■ What this task involves ■
Return the full listing word for word, but drop every picture from it.

■ Available data ■
○ ○ ○

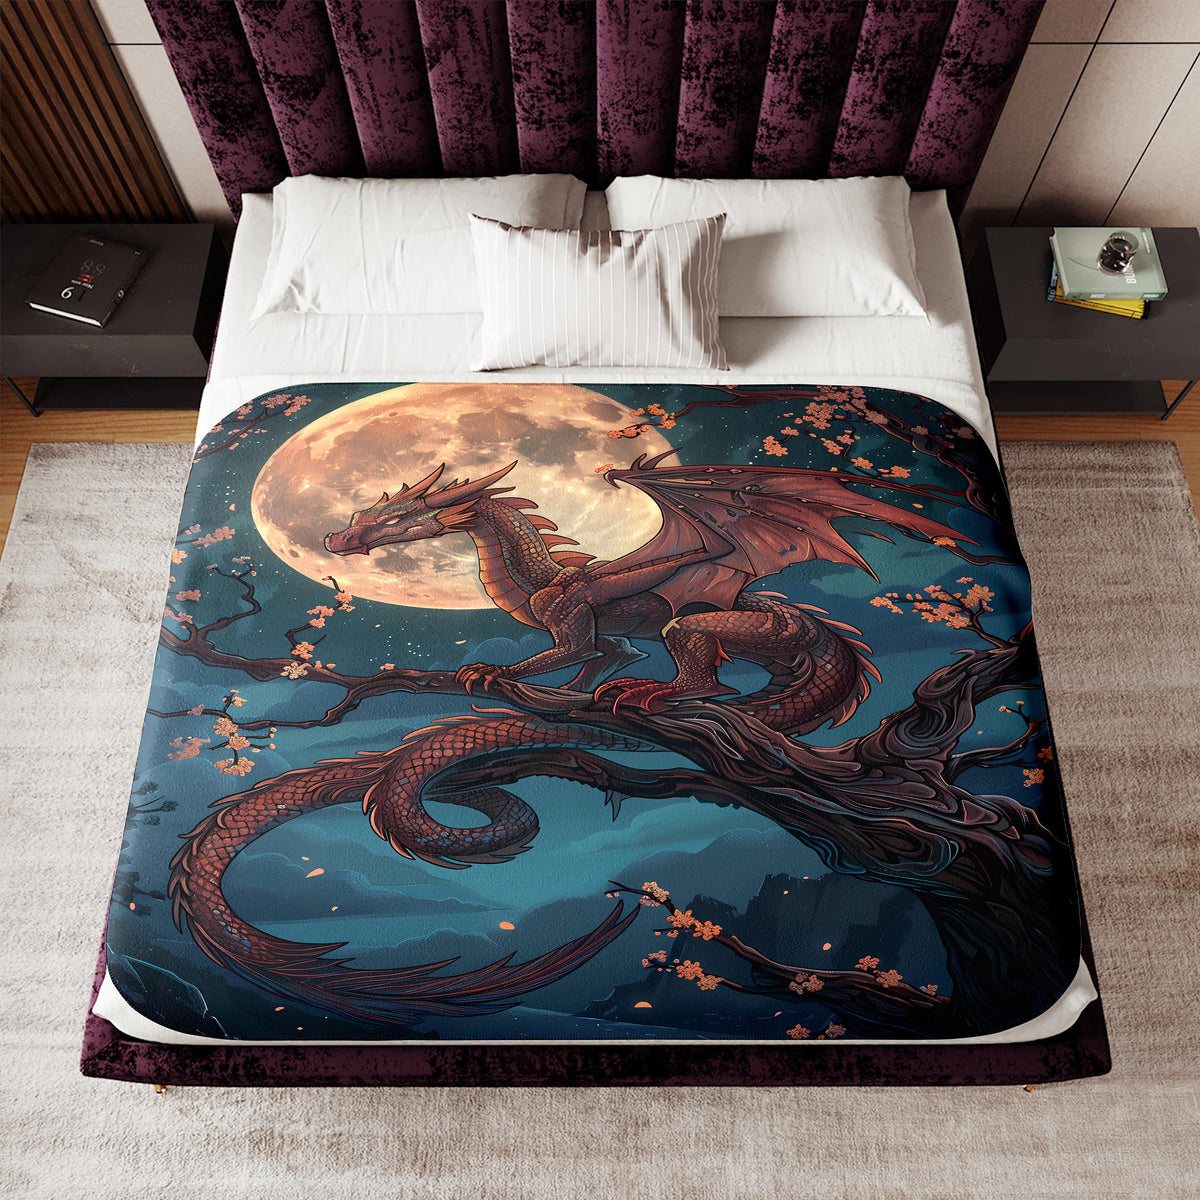 a bed with a dragon on it with a full moon in the background
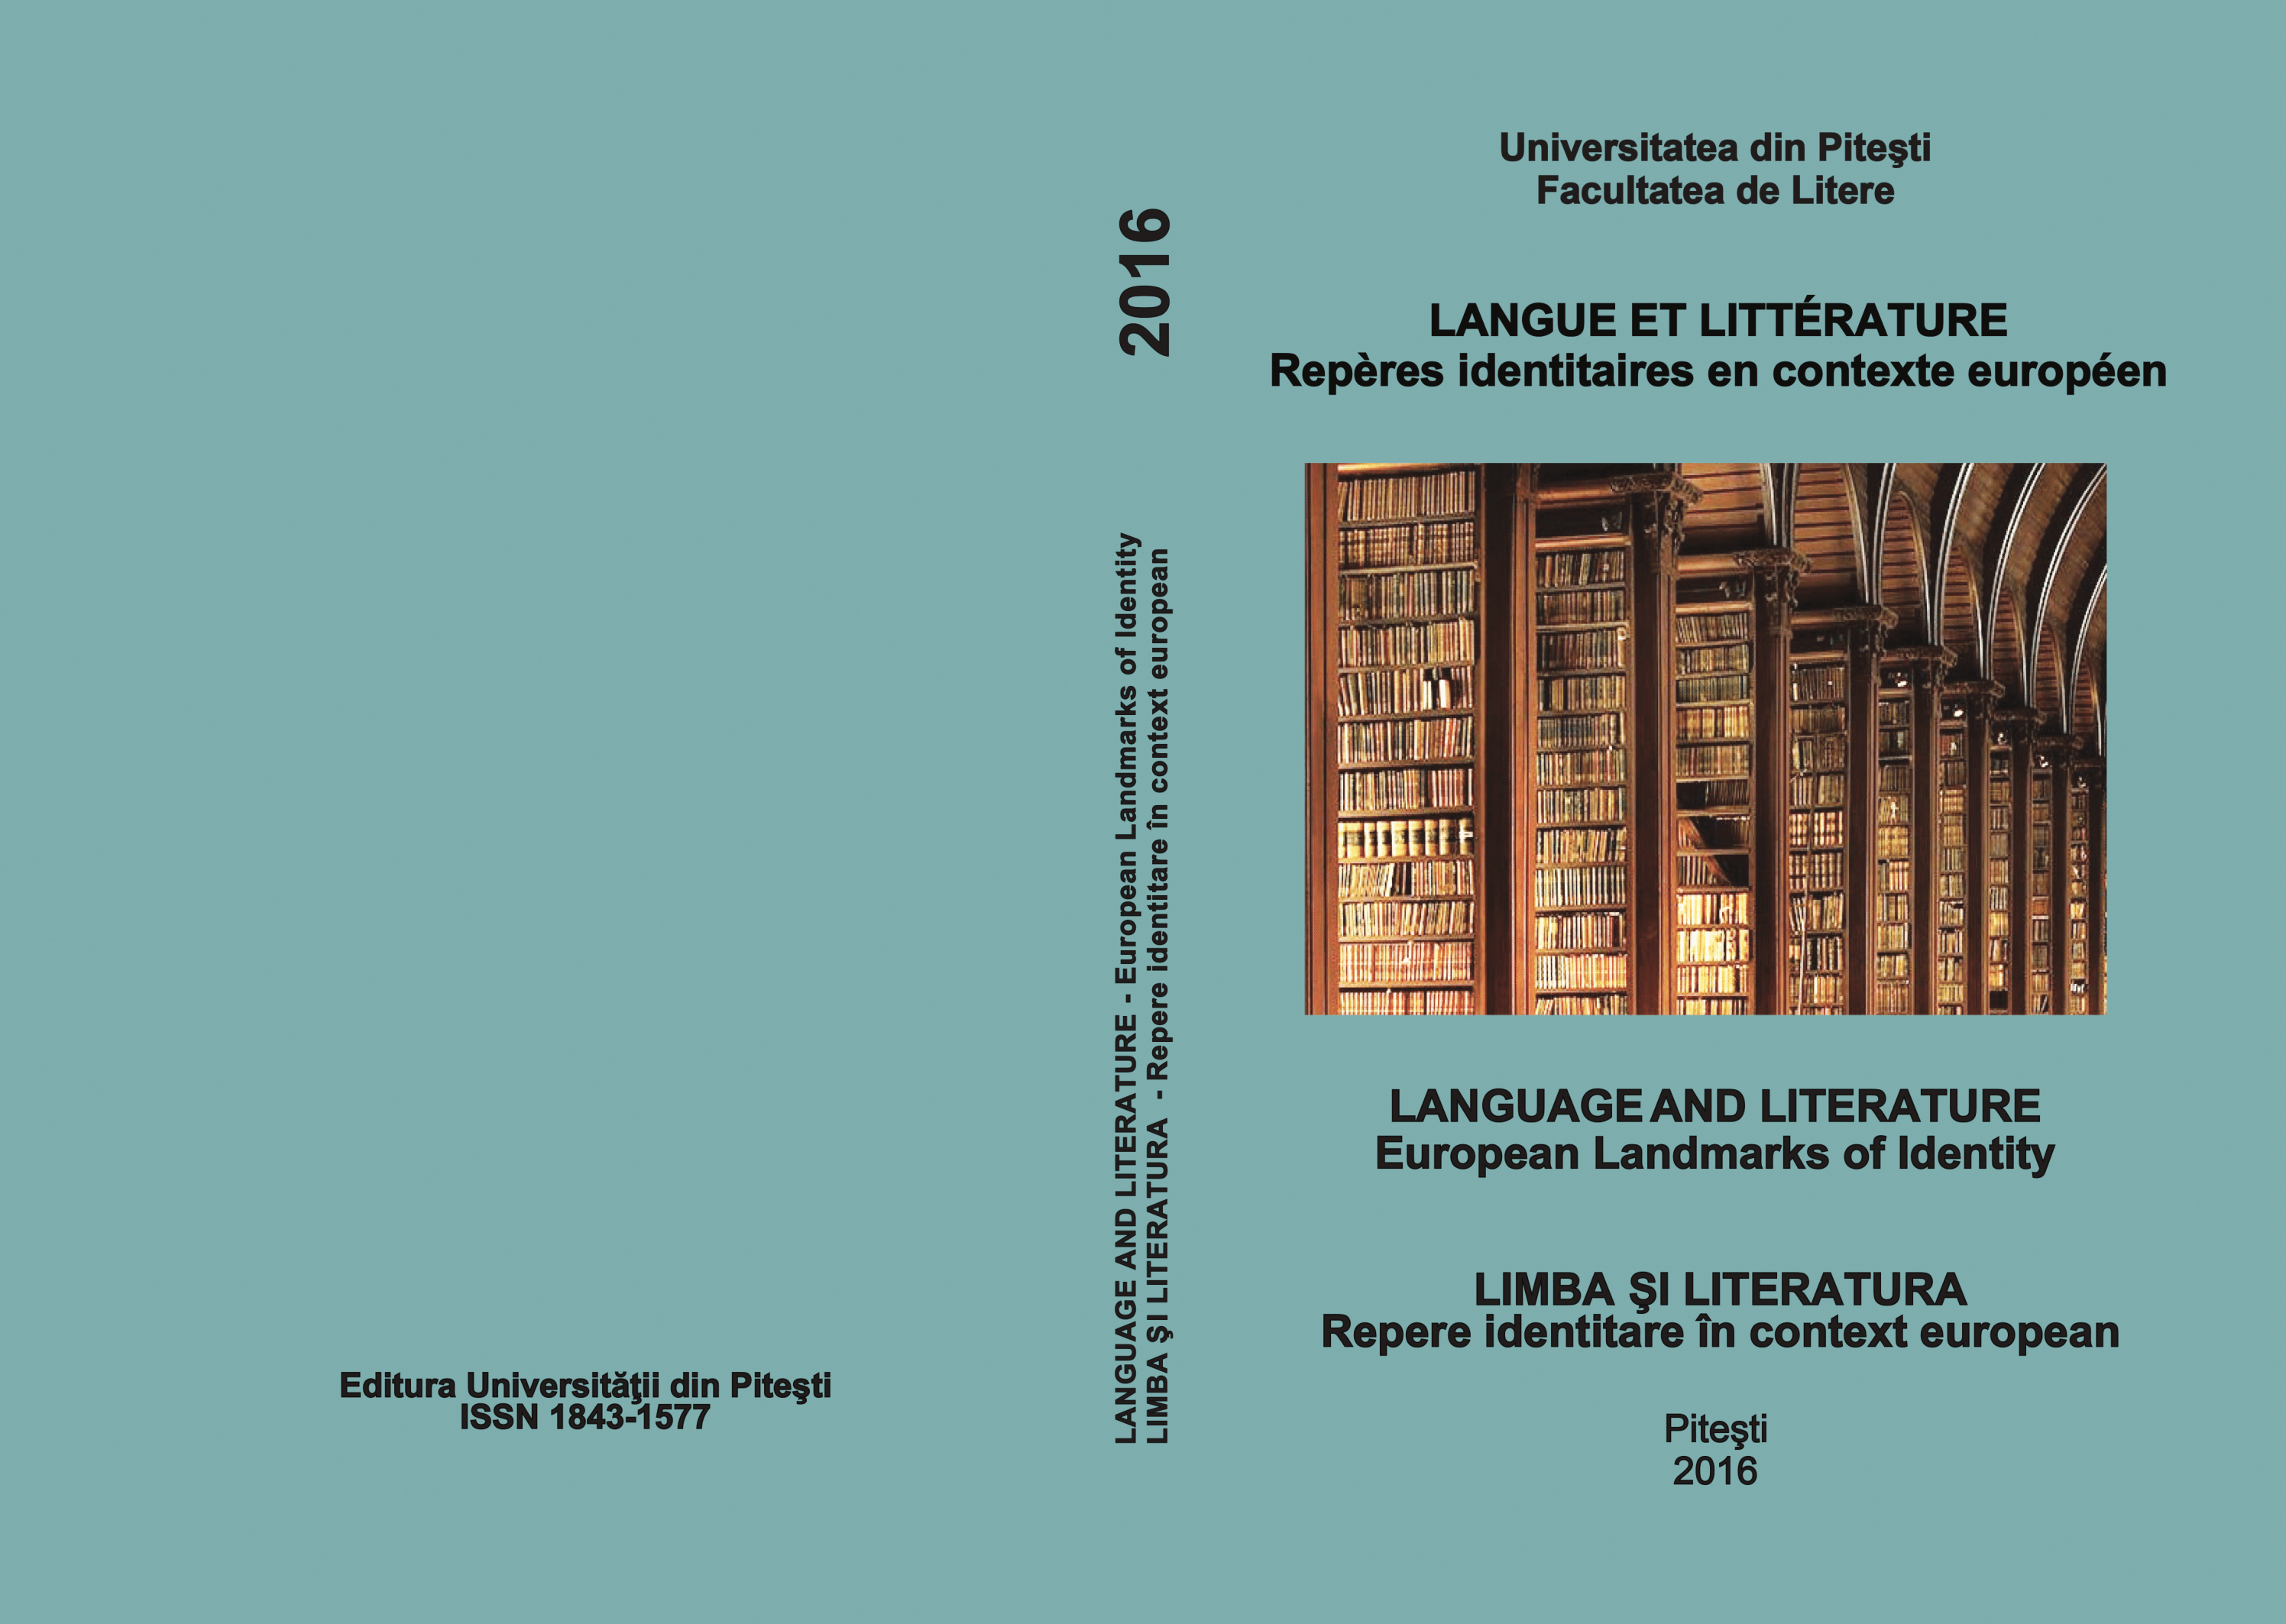 MAKING ONESELF RECEPTIVE VIA HERMENEUTICS, EXEGESIS, TYPOLOGY, AND MIDRASH  IN INTERPRETING THE BIBLE AND AMERICAN LITERATURE  (A CASE STUDY ON THE MAJOR WORKS OF HERMAN MELVILLE) Cover Image
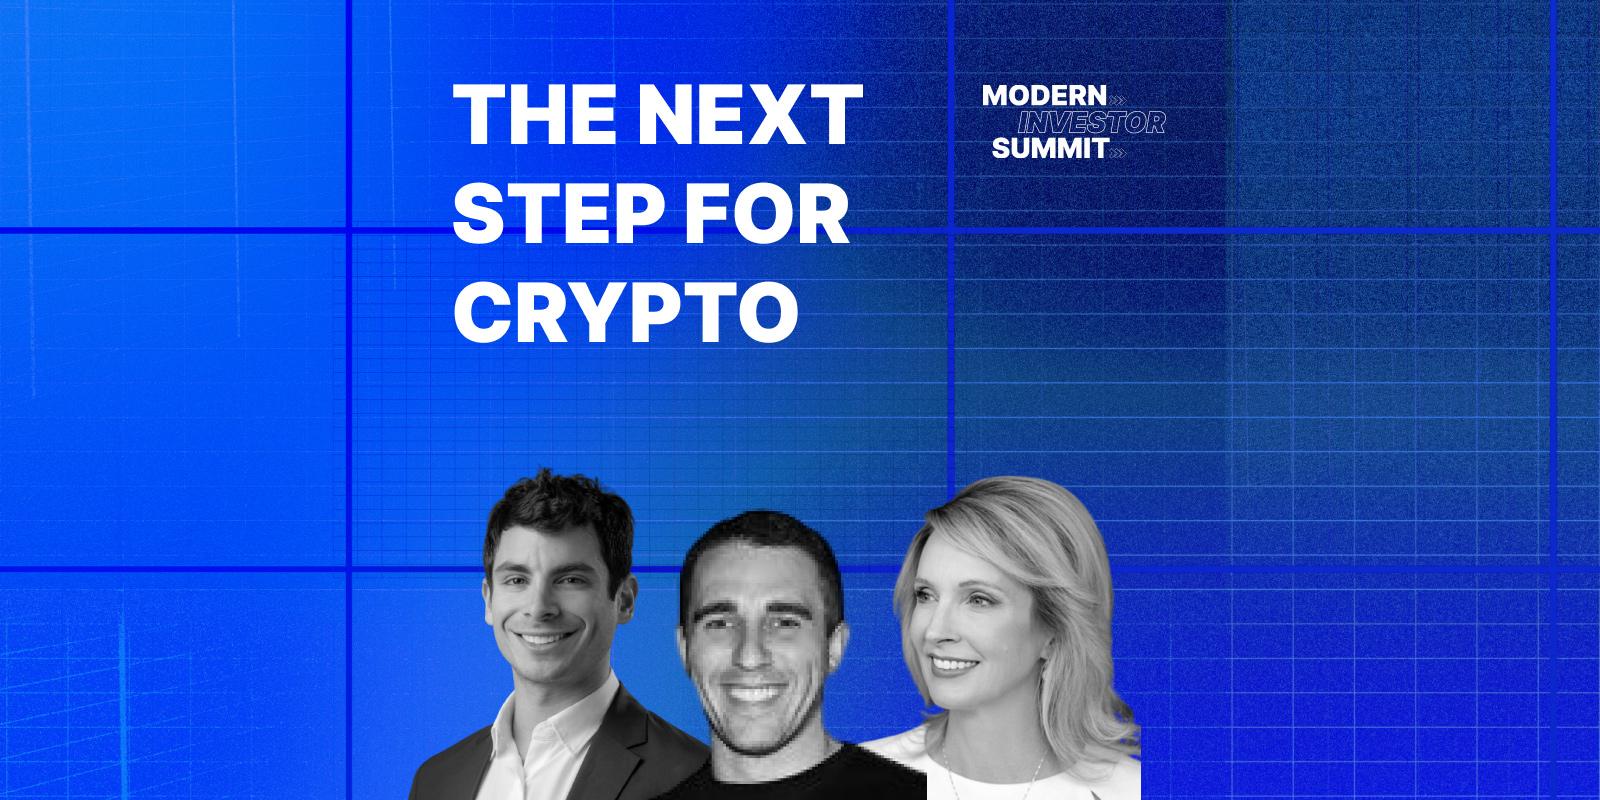 The Next Step For Crypto
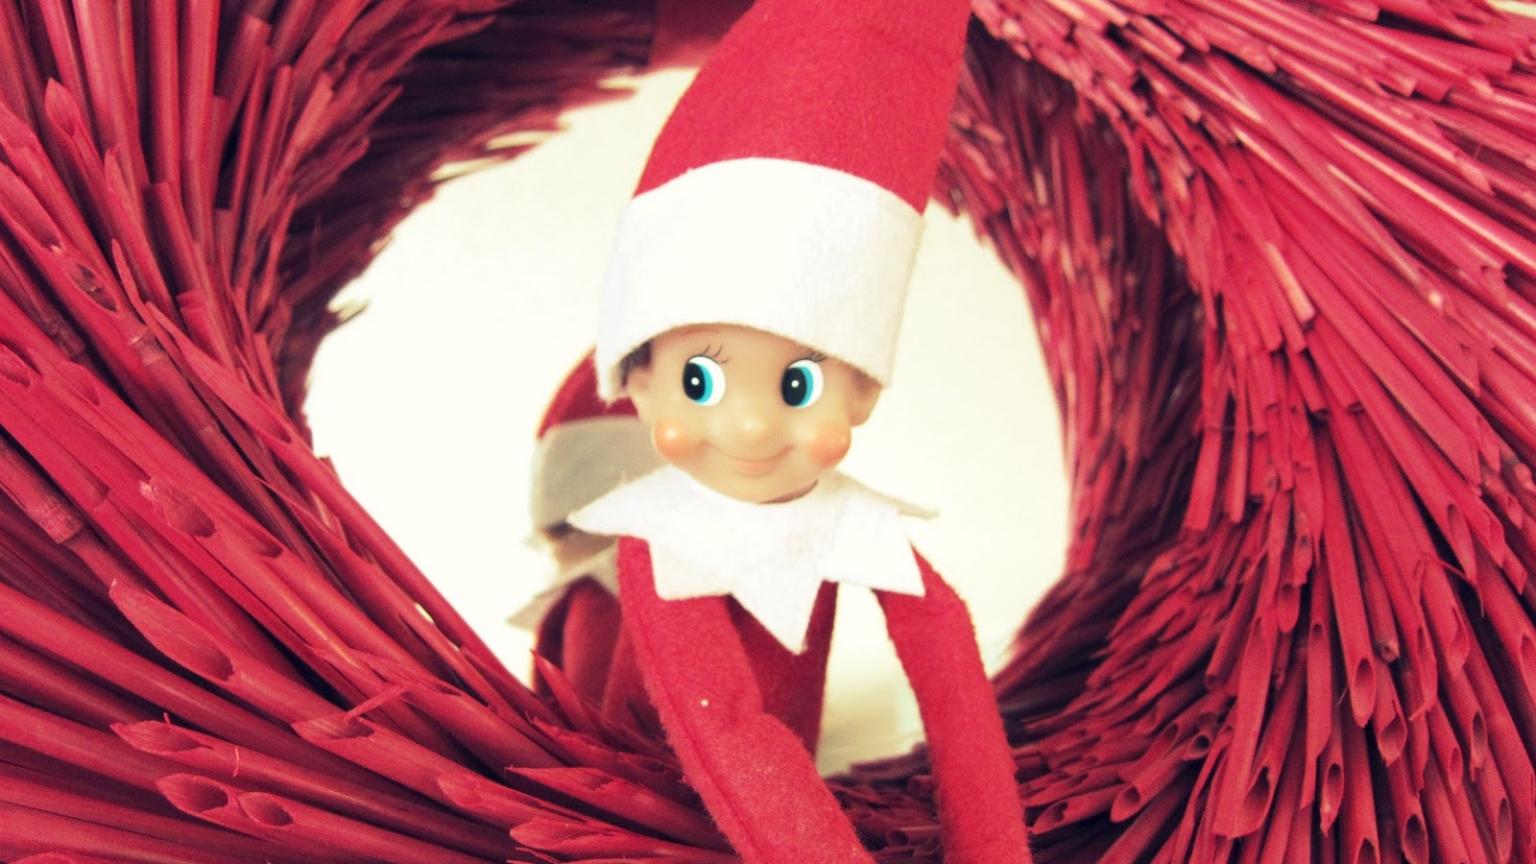 Free download Video Description Our Elf on the Shelf whose

○ ○ ○

■ Task response ■
 a bed with a dragon on it with a full moon in the background
 MAKING ONESELF RECEPTIVE VIA HERMENEUTICS, EXEGESIS, TYPOLOGY, AND MIDRASH  IN INTERPRETING THE BIBLE AND AMERICAN LITERATURE  (A CASE STUDY ON THE MAJOR WORKS OF HERMAN MELVILLE) Cover Image
 The Next Step For Crypto
 Free download Video Description Our Elf on the Shelf whose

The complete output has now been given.